■ Data block ■
────────

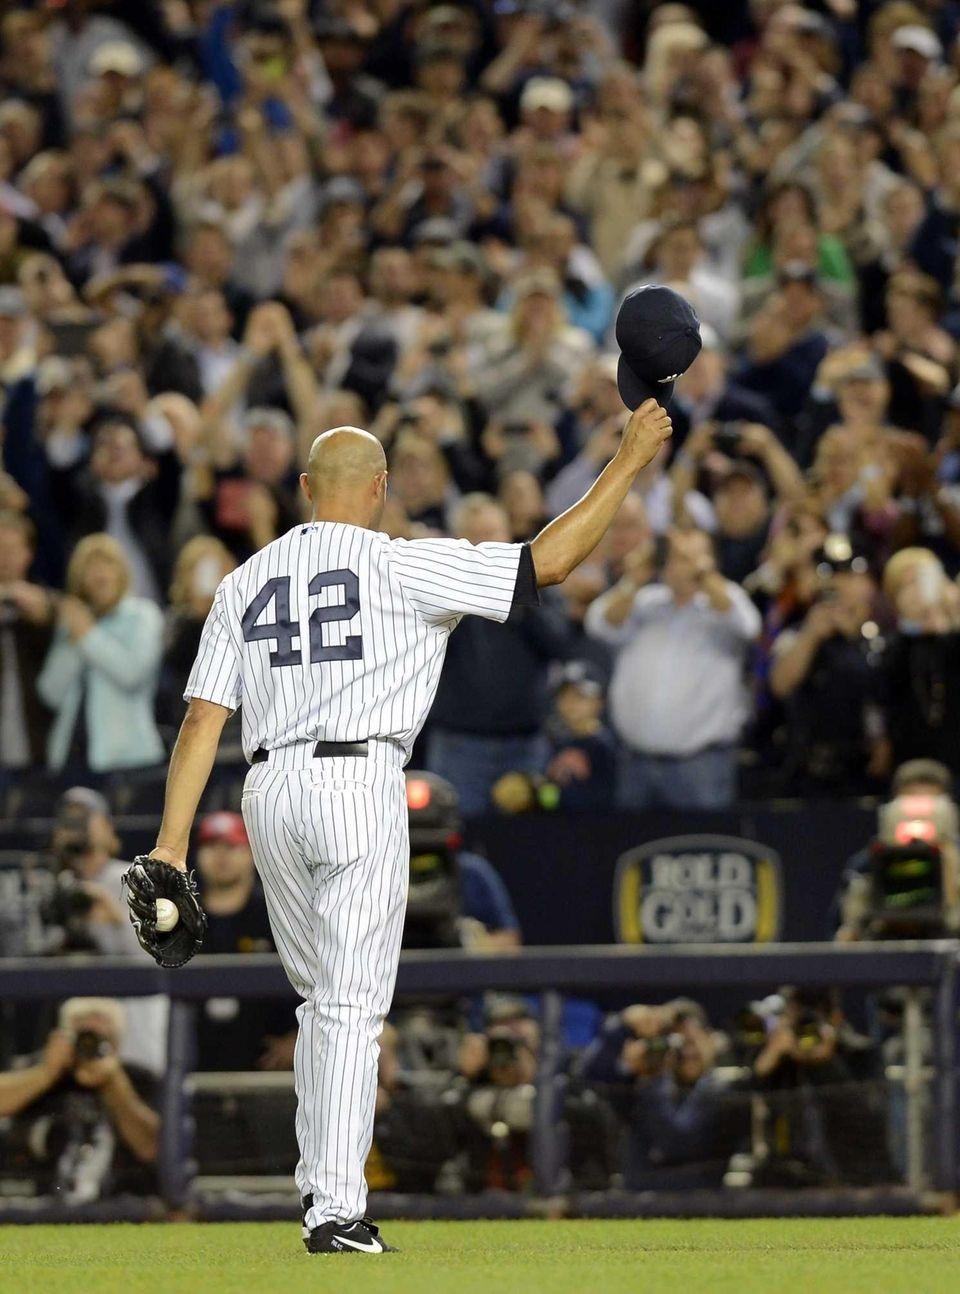 New York Yankees pitcher Mariano Rivera tips his
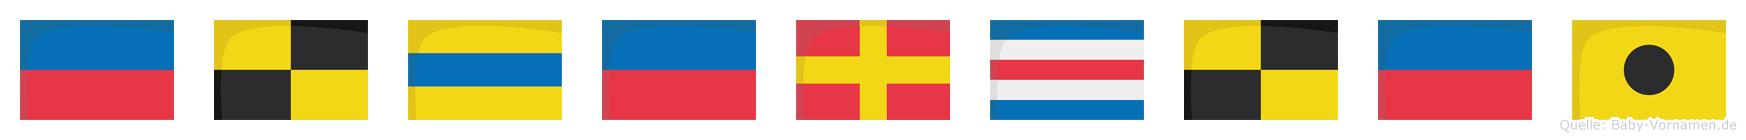 Elderclei im Flaggenalphabet
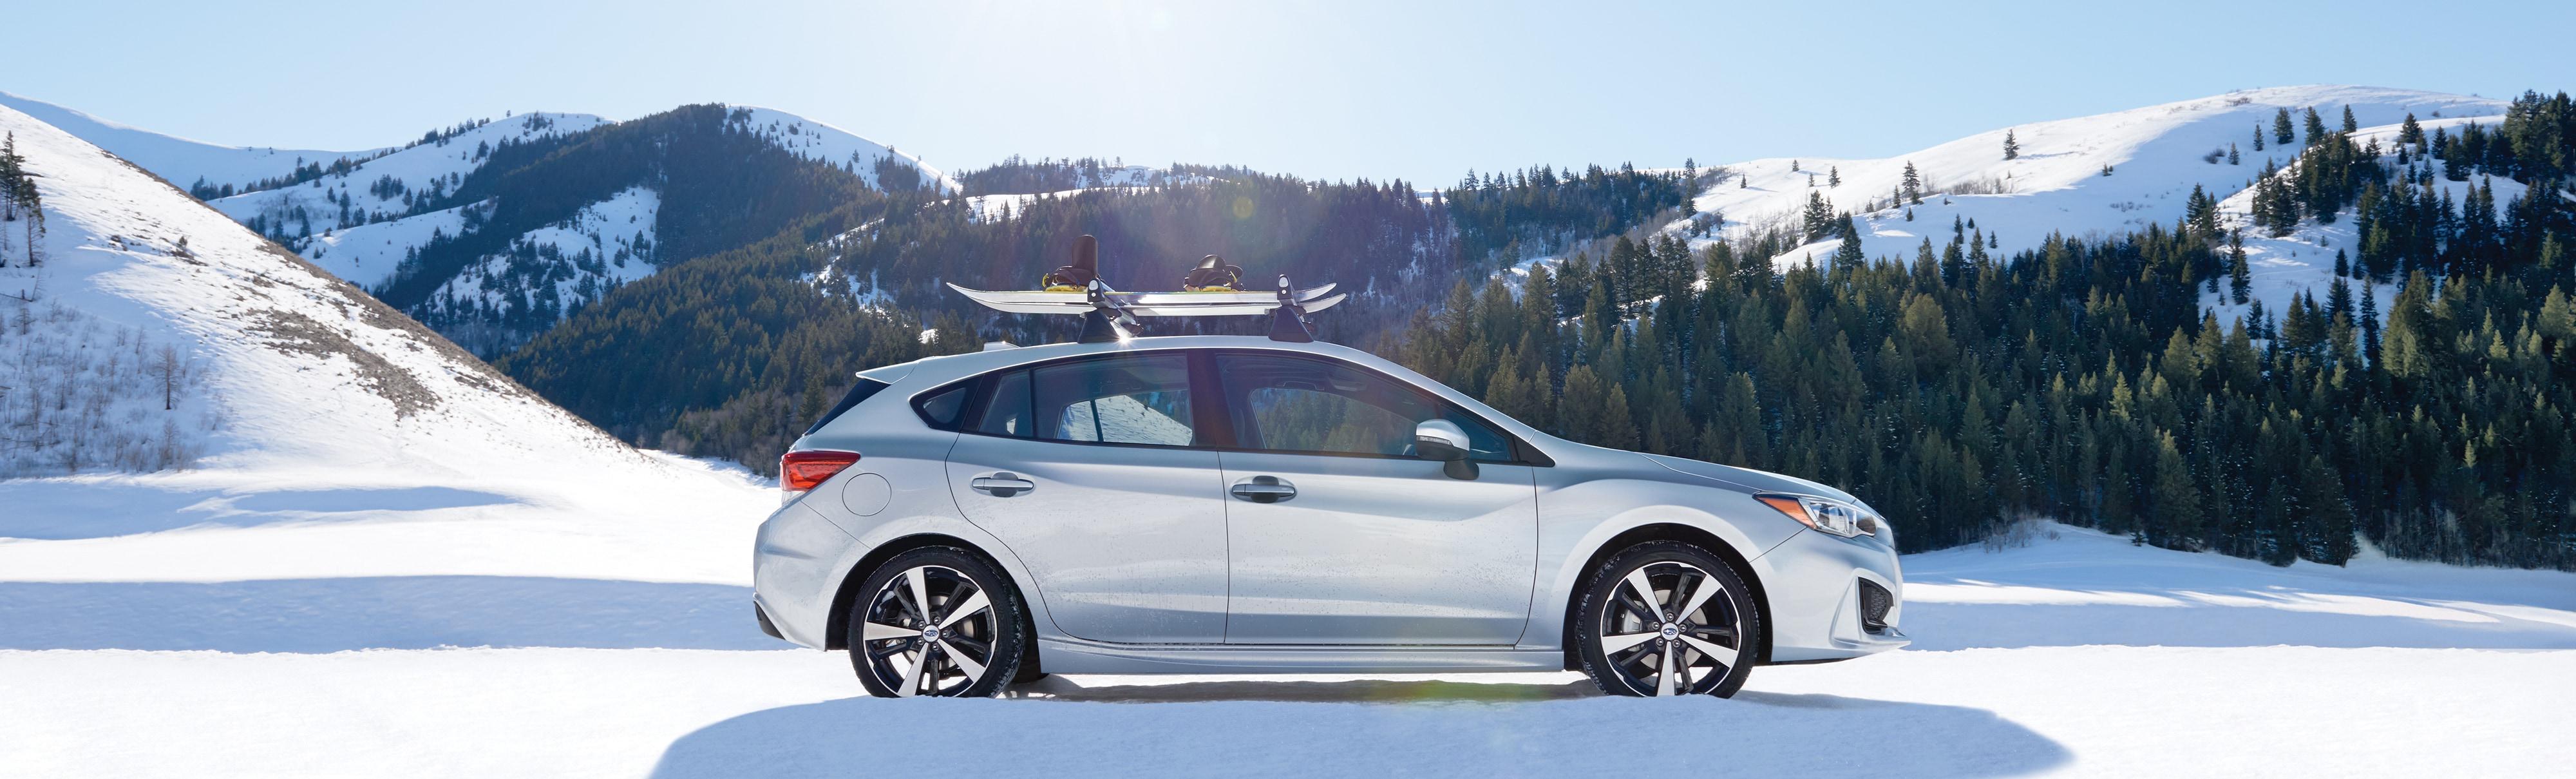 New Subaru Impreza For Sale in Keene, NH | Subaru of Keene

────────

■ Task instructions ■
Each line above must be set down exactly, though no picture should be carried over.

■ Task result ■
 New York Yankees pitcher Mariano Rivera tips his
 Elderclei im Flaggenalphabet
 New Subaru Impreza For Sale in Keene, NH | Subaru of Keene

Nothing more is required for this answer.